In this study, the dataset GSE1572 includes samples from individuals of varying age from 26 years old to 106 years old; such data from multiple samples based on age is a good candidate for SOM clustering and WGCNA analysis. First, we performed the SOM on the whole genome expression data. The SOM algorithm is usually used for data feature extraction, clustering, and classification (Furukawa, 2009). In this study, we used SOM to cluster genes in the expression matrix. In the clustering results of SOM, neurons 100, 89, and 99 are found to be related with aging. The genes in these neurons, such as MAPT, MAP2, MAPK3, SYN2, RAP2A, RAP2B, KLHDC3, and CALM1, were gradually down-regulated with age. Although SOM can identify some clusters of genes related to aging, this method has certain shortcomings, such as the large number of genes found, which makes it hard to screen key genes, and genes clusters having poor biological interpretation. In order to more accurately find the most relevant genes with aging, weight gene co-expression network was constructed, and we identified 17 co-expressed modules. The expression changes of genes in the same module in different samples are highly similar, indicating consistent effects and potential interaction of these gene-coded proteins in the same pathways during the aging process. Through Pearson’s correlation coefficient between the module and age, we obtained the interest module. In order to identify the significant genes, we took the intersection of the genes in the greenyellow module and the differentially expressed genes which were downregulated in aged group, and obtained 45 genes. Furthermore, we found that these overlapping genes of greenyellow module and DEGs also exist in the gene cluster found in SOM, which further confirms that these genes may be related to aging. Further KEGG pathway and GO functional enrichment analyses indicated calcium signaling pathway, long-term potentiation, and MAPK signaling pathway as the most significant pathways in the module. In order to identify genes that are most intensively related with aging, we further used one of the machine learning algorithms, Random Forest, and input the expression of the above 45 genes as feature values into the model for training, and finally screened out 21 key genes.

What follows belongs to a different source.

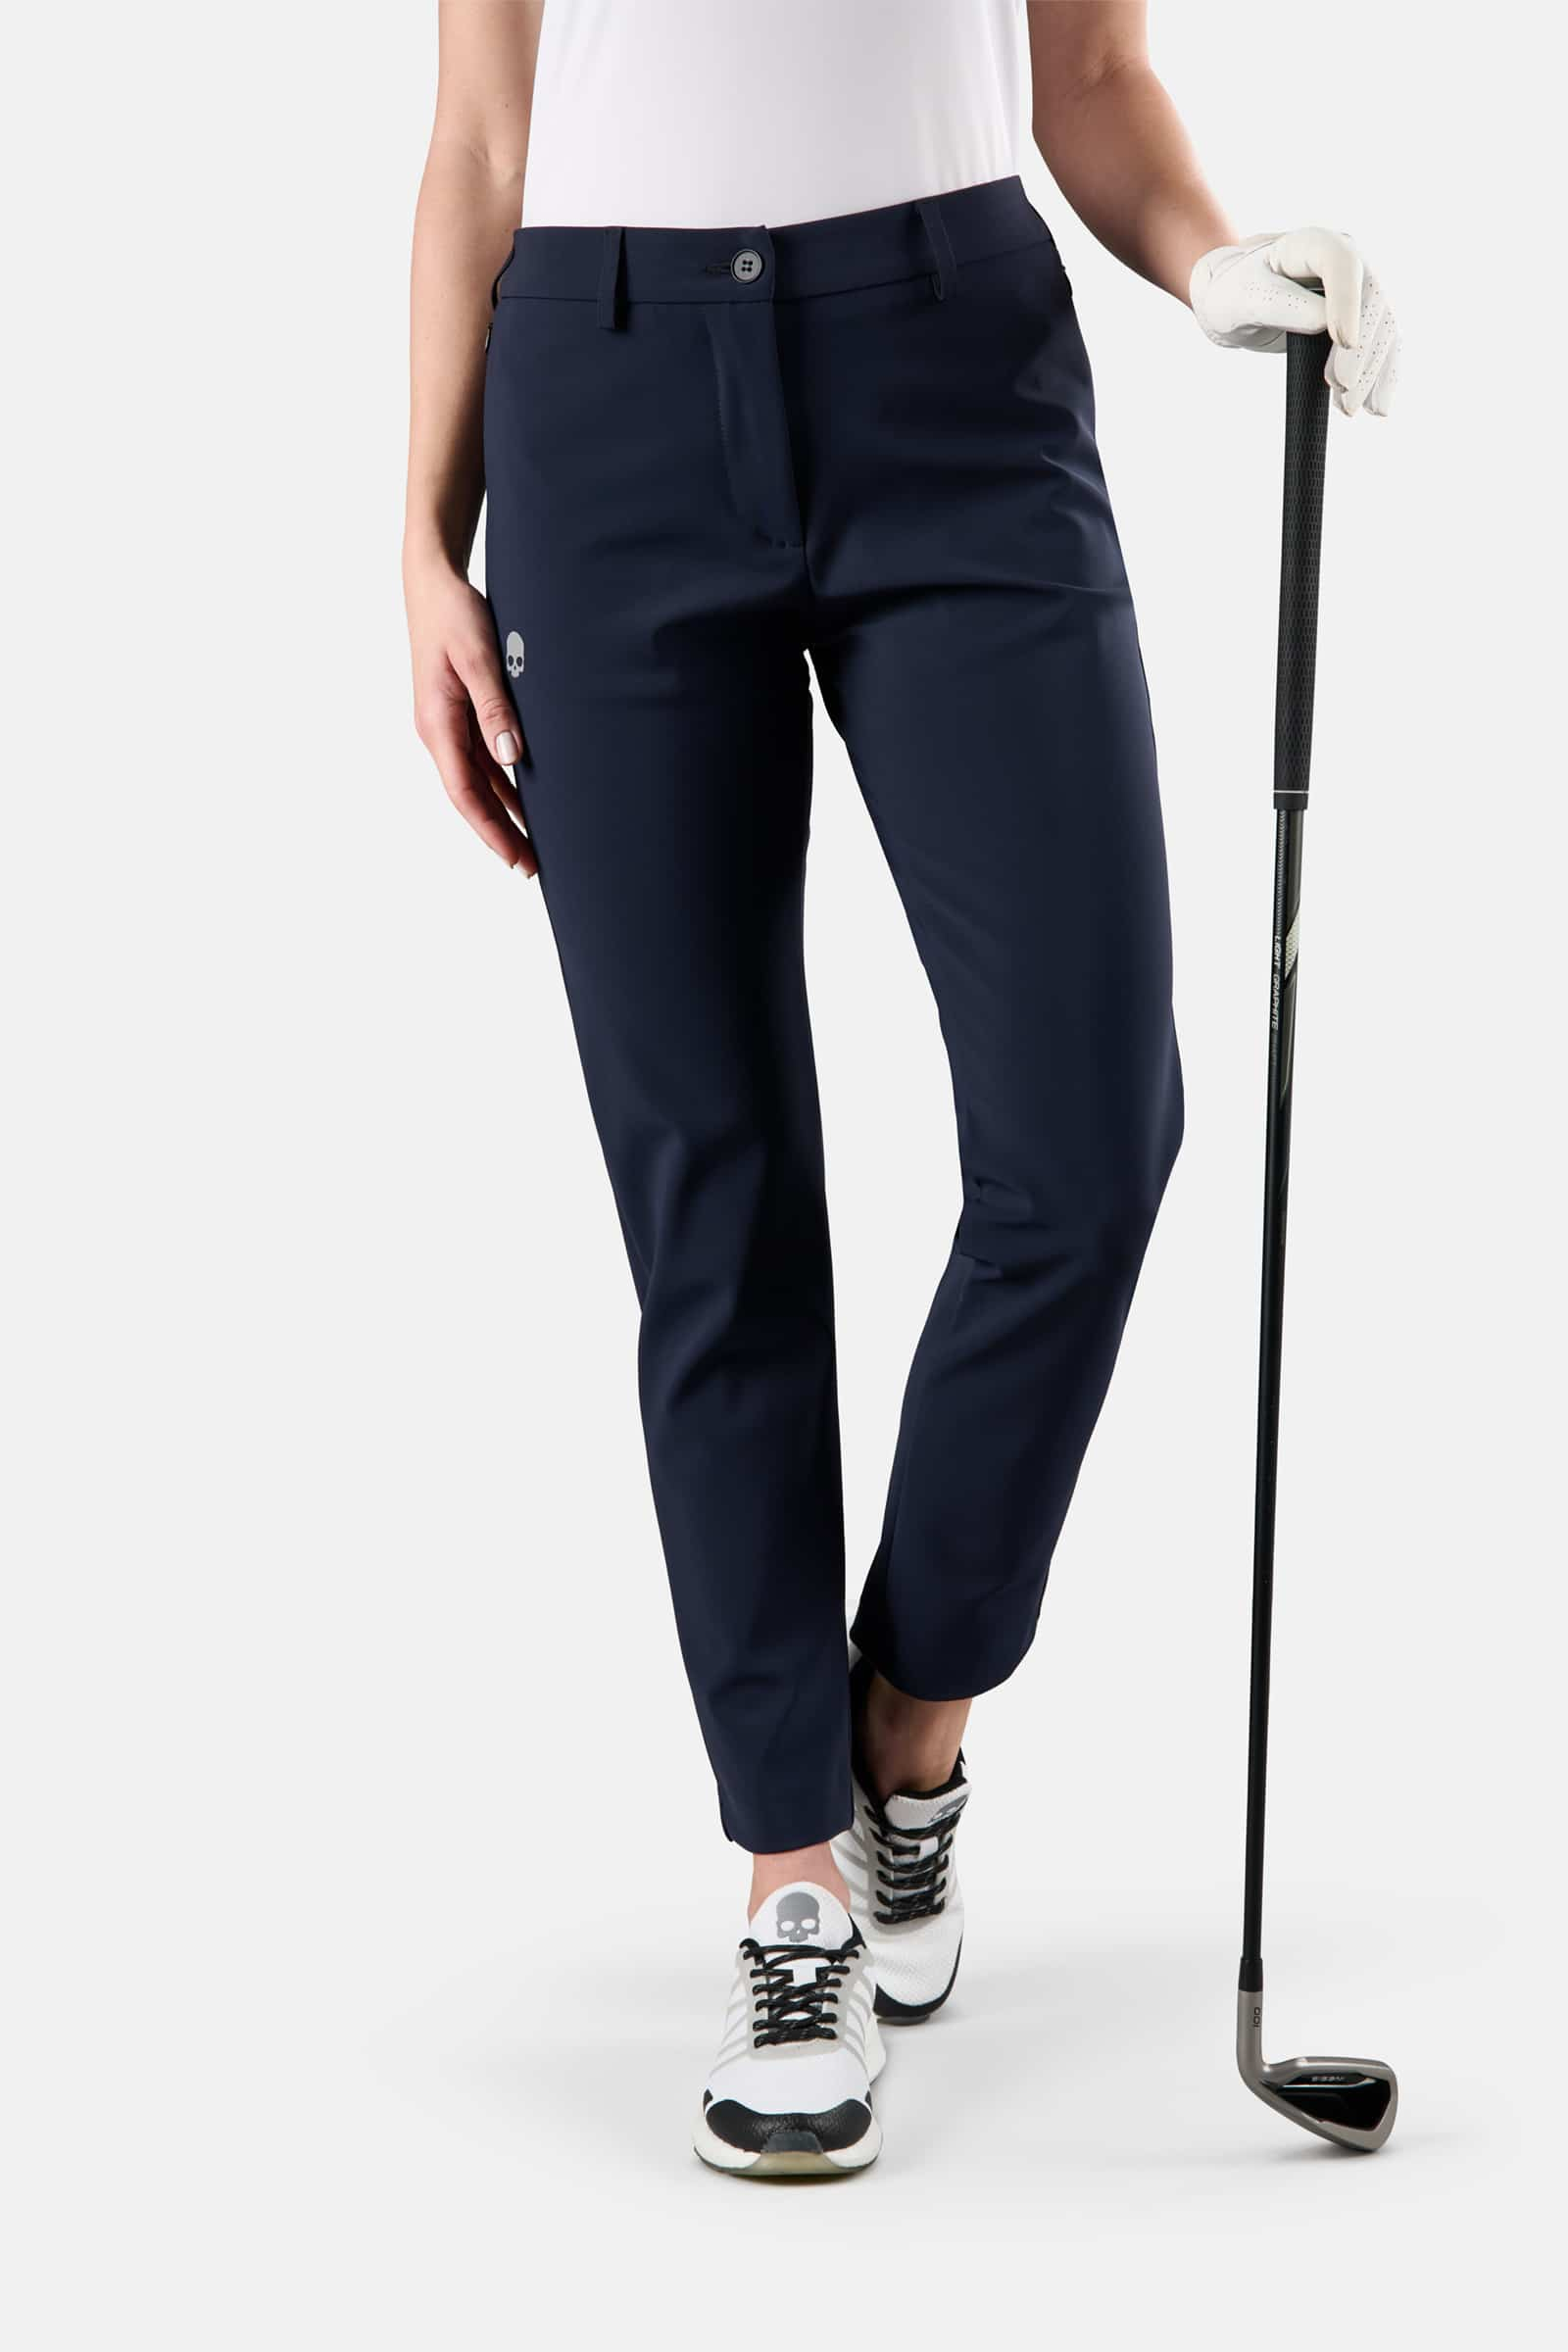 WINTER GOLF TECH PANTS - BLUE NAVY - Hydrogen - Luxury Sportwear

In another study by us (Liang et al., 2018; Chai et al., 2021), we took samples of different brain regions from different Braak stages (GSE131617) and found that microglia-mediated immune system activation plays a crucial role in the early stages of Alzheimer’s disease. The samples we used in this study are only samples of the frontal cortex of different ages, and do not contain any clinical diagnosis and pathological changes, which is more conducive to discovering the changes in the brain during the aging process.

Analysis of hub genes showed that SYN2 might play an important role in aging. In the Cell Component (CC) enrichment analyses, postsynaptic density and distal axon were identified as the most significant CC in the network. In the Biological Process (BP) enrichment analysis, synaptic vesicle localization was revealed to be a significant BP in the network. SYN2 is a multigene family coding synaptic vesicle (SV) phosphoproteins implicated in the regulation of synaptic transmission and plasticity (Luk et al., 2012). In previous studies, it was shown that SYN2 knockdown mice display emotional and spatial memory deficits that aggravated during aging (Corradi et al., 2008; Boido et al., 2010). In the co-expression network constructed in the present study, the expression of SYN2 decreases with the increase of age. We suspected that the decreased expression of SYN2 is either a result of synapse impairment/loss during aging, or an upstream factor that induces synaptic dysfunction.

In the co-expression network, MAPT and MAP2 were identified as hub genes. MAPT encodes microtubule-associated protein tau, which promotes the stability and assembly of microtubules in axon of neurons (Dehmelt and Halpain, 2005; Irwin et al., 2013; Wang and Mandelkow, 2016; Saha and Sen, 2019; Vogels et al., 2019). This was in accordance with the fact that distal axon is a significant CC in the GO enrichment analysis. In age-related tauopathy, tau pathology has been considered as a significant marker in neurodegeneration. MAP2 gene encodes dendritic marker MAP-2, which is also a microtubule-associated protein (Friedrich and Aszódi, 1991; Dehmelt and Halpain, 2005). Microtubule is a key player in neuronal activities and axoplasmic flow under physiological conditions. In our study, we found that with the increase of age, the expression of MAPT and MAP2 decreases, which may be a result of neurite degeneration during aging. However, genes that code other skeletal proteins such as tubulin were not identified as hub genes in aging. This result indicates that microtubule-associated proteins tau and MAP-2 may participate in aging-related pathogenesis through mechanisms other than cell skeletal stability.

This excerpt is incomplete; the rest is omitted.